SALA DE CASACIÓN PENAL  

LUIS GUILLERMO SALAZAR OTERO  

Magistrado Ponente  

AP3232-2016  

Radicación N° 46991  

Aprobado Acta No. 160  

Bogotá D.C., veinticinco (25) de mayo de dos  mil dieciséis (2016).   

ASUNTO  

La Sala se pronuncia sobre la admisibilidad de  la  demanda  sustento  del  recurso  de casación interpuesto por el defensor de  DONAR  LEAL  CERQUERA,  contra  la  sentencia  de  julio 28 de 2015 del Tribunal  Superior  de  Ibagué,  mediante  la  cual modificó el fallo de septiembre 9 de  2013  dictado  por  el Juzgado 5º Penal del Circuito de la misma ciudad, que lo  condenó  como  cómplice  del  delito  de  tráfico,  fabricación  o  porte de  estupefacientes.   

HECHOS  

El  22  de  abril  de  2013,  en  el Municipio de Roncesvalles (Tolima),  cuando miembros de la Policía Nacional realizaban un  operativo  de  registro  e  identificación de personas, hallaron en el interior  del  vehículo  de  placas  WNB-179,  donde se movilizaban DONAR LEAR CERQUERA y  Néstor  Jaime  Baquero,  dos  cajas  con  marihuana, con un peso neto de 18.186  gramos.   

ANTECEDENTES  

1. El 23   de   abril  de  2013  en  audiencia  preliminar     ante     la     Juez    6º    Penal  Municipal  con  función  de  control de garantía   de   Ibagué,  se  formuló  imputación a DONAR        LEAL        CERQUERA1   por  el  hecho  punible  de  tráfico,  fabricación    o    porte    de    estupefacientes,    en   la   modalidad   de  trasportar  y en calidad de  autor, al cual no se allanó.   
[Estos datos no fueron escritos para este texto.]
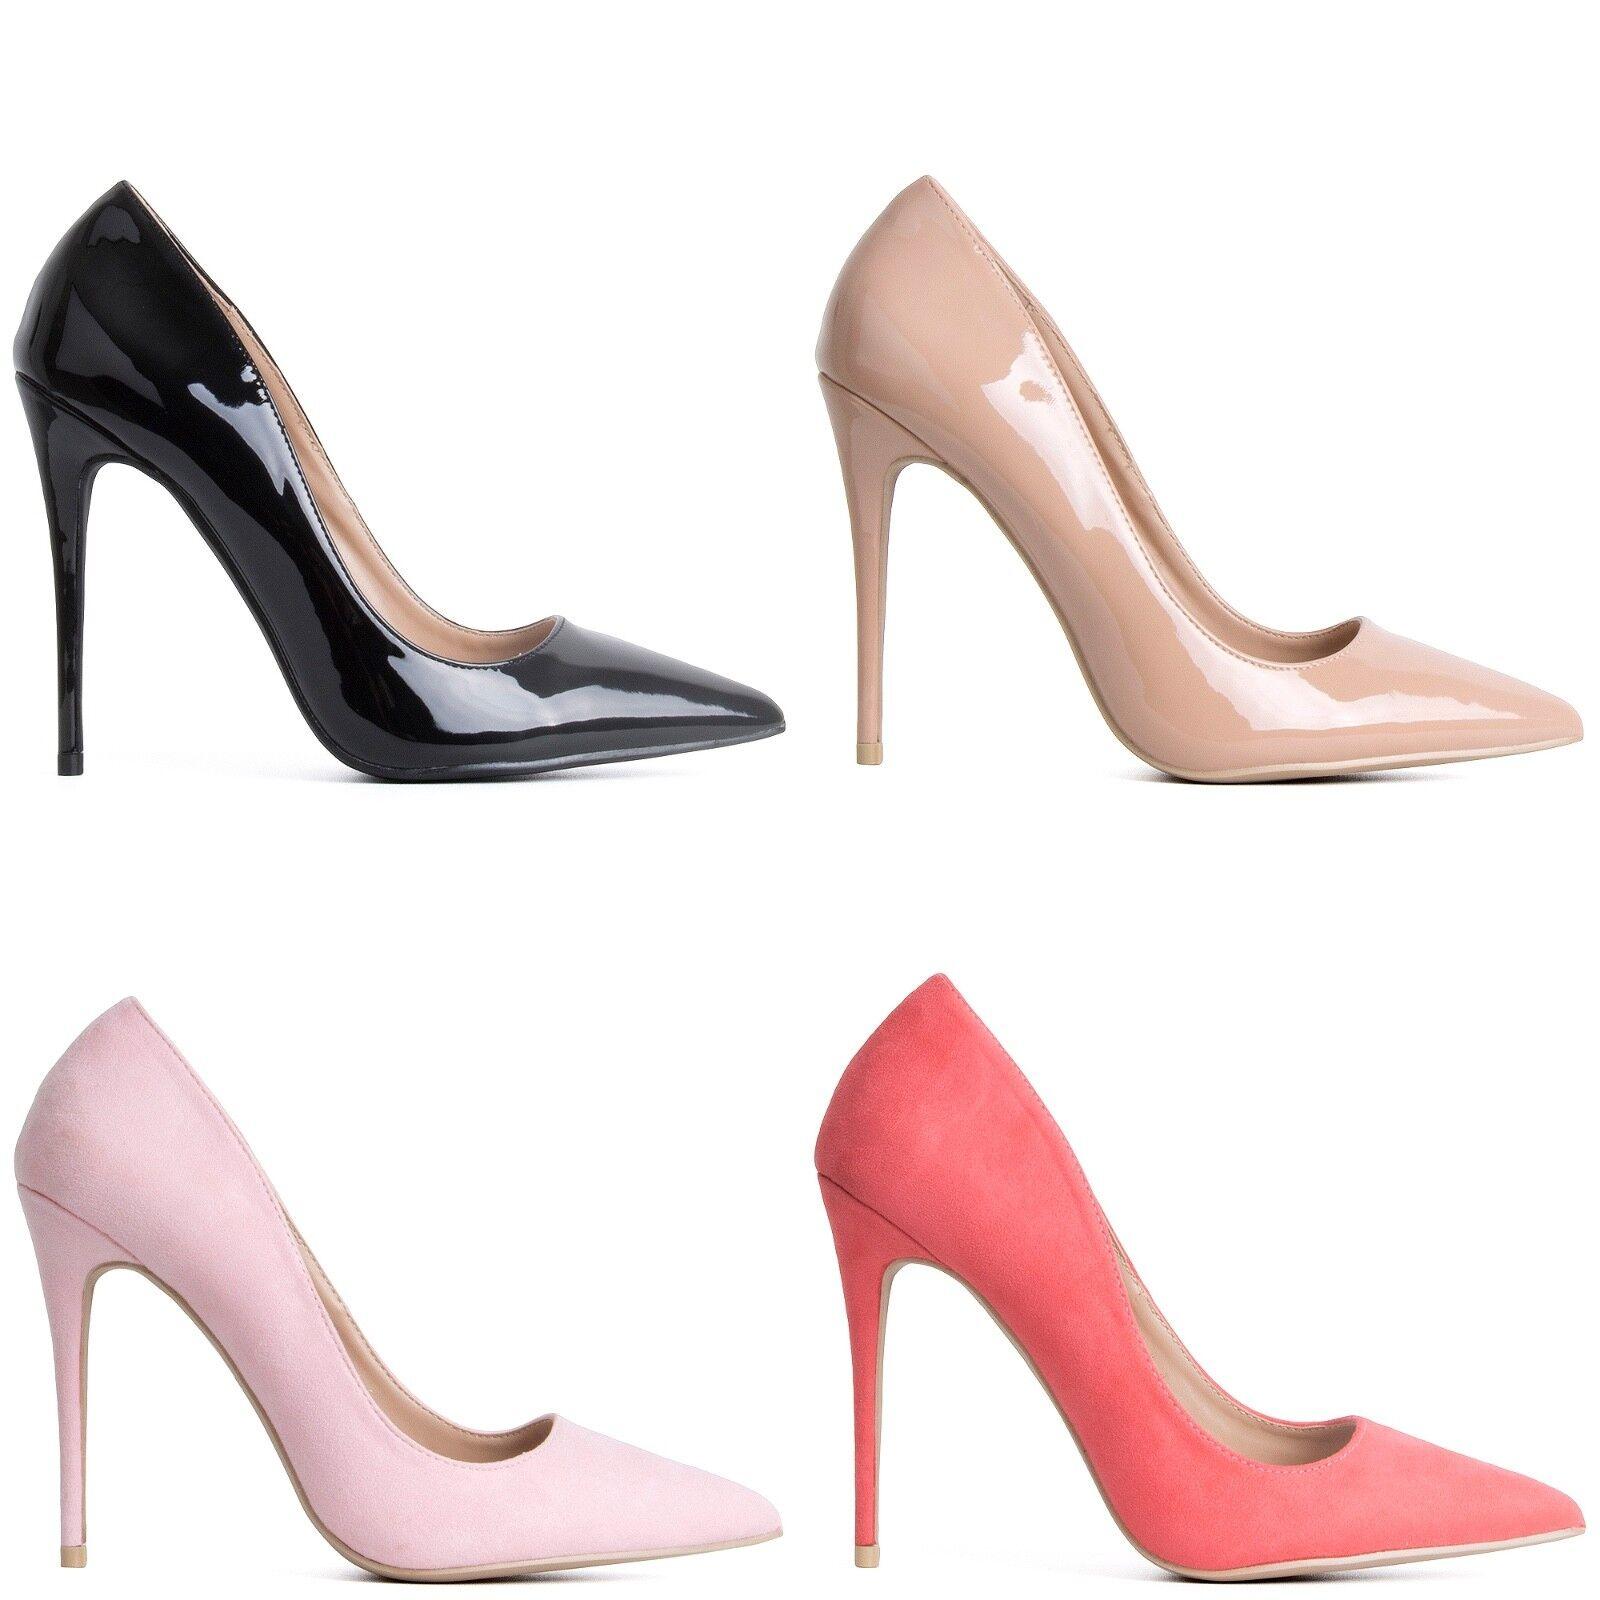 37becd30522 Womens Ladies Court Pointed Toe Heel High Heels Stiletto Easy Wear ...

2. El 22  de  julio del citado año,   el  ente  investigador      presentó     escrito    de  acusación  y  previo  al  inicio  de  la  audiencia de formulación  de  la  misma,  el  9 de septiembre la  Fiscalía  y  procesado  suscribieron  preacuerdo  por  el  cual  se  pactó  la  degradación  de  la  modalidad  de participación de  autor a cómplice.   

3. Conforme con lo anterior, el Juzgado 5º  Penal   del   Circuito  de  Ibagué,  por  sentencia  del  9  de  septiembre  de  2013,     condenó    al    mencionado   a  la  pena  principal  de  10  años  y  4  meses  de  prisión  y   multa   equivalente  a    25.666    salarios   mínimos   legales  mensuales  vigentes, imponiéndole  como  accesoria   inhabilitación  para  el  ejercicio  de  derechos  y  funciones  públicas por igual lapso.   

4.  Apelada  tal  determinación  por  la  defensa,   la   Sala   Penal   del   Tribunal  Superior  de  Ibagué,  en  providencia  del  28  de  julio  de  2015, la modificó para  reducir  la  sanción  privativa de la libertad a 123 meses de prisión    y    la    multa   a   10.917  salarios  mínimos  legales  mensuales vigente.   

FUNDAMENTOS DE LA IMPUGNACIÓN  

La  defensa,  con  la finalidad de que se le  garantice  al  acusado  la  efectividad  del derecho material, en particular, el  derecho  a  suscribir preacuerdos y recibir los beneficios jurídicos del mismo,  atacó  la  sentencia  de  segundo  grado  al  amparo  de  la causal primera del  artículo  181  de  la  Ley  906  de  2004,  por  violación  directa  de la ley  sustancial  derivada de la falta de aplicación del último inciso del artículo  61 del Código Penal.   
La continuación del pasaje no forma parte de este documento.